# Nightmares about my hedgehog



## Dgameman1 (Oct 18, 2014)

I've officially had a few nightmares about my hedgehog, Paul. 
I've officially realized that I need to stop having such anxiety about him. 

1. In my dreams, he bites me all the time and I'm super scared of him biting me.
2. His poo is super thin and cartoonishly long. 
3. He keeps sneezing. 

Any tips for reducing the worry I have about my hedgehog ;(?


----------



## DesireeM81 (Jun 14, 2014)

Time. I'm still a nervous wreck and if I hear something unusual I am up with a flashlight checking on everyone. But you get used to it over time.

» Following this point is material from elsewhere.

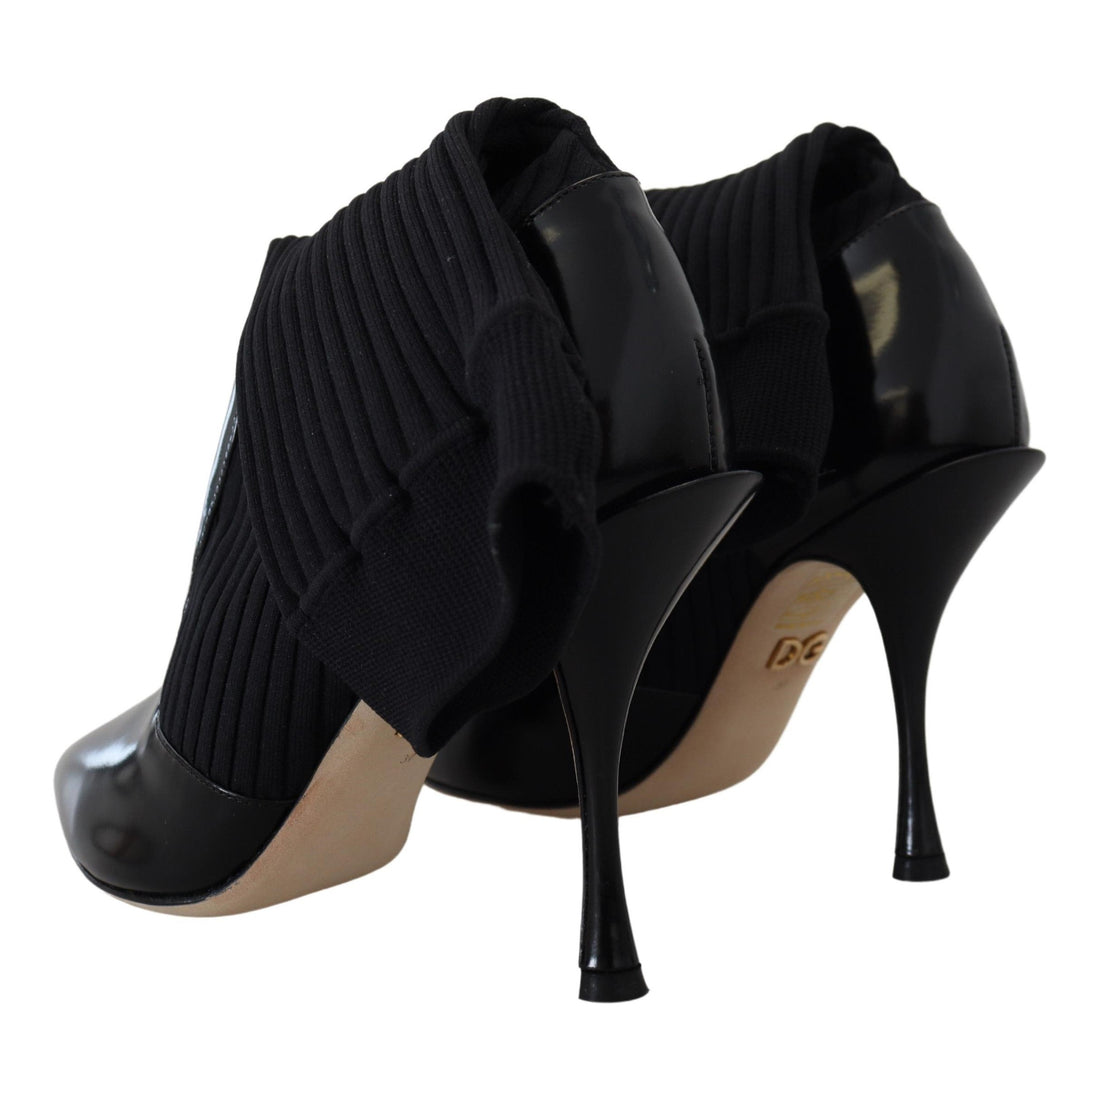 Dolce & Gabbana Black Socks Stiletto Heels Booties Shoes

In the same way that parents with children have nightmares, I feel the same way about all my animals.

Also - I had a dream that someone developed plastidip safe for hedgehogs and breeders started diping hedgehog quills in the plastidip and on the points they would form balls like on hair brushes so hedgehogs looked like hairbrushes when all quilled up. It was weird. :???:


----------



## ashleyyy (Sep 22, 2014)

I used to always have nightmares of Ellie attempting to hibernate. I can totally relate. Hopefully it will just get better in time! Anything you can do to fix whatever it is you are so afraid of? Once Ellie got her CHE, my nightmares stopped.


----------



## Tongue_Flicker (Jun 11, 2013)

Haha! I used to have hedgie dreams too.. I'm over it now


----------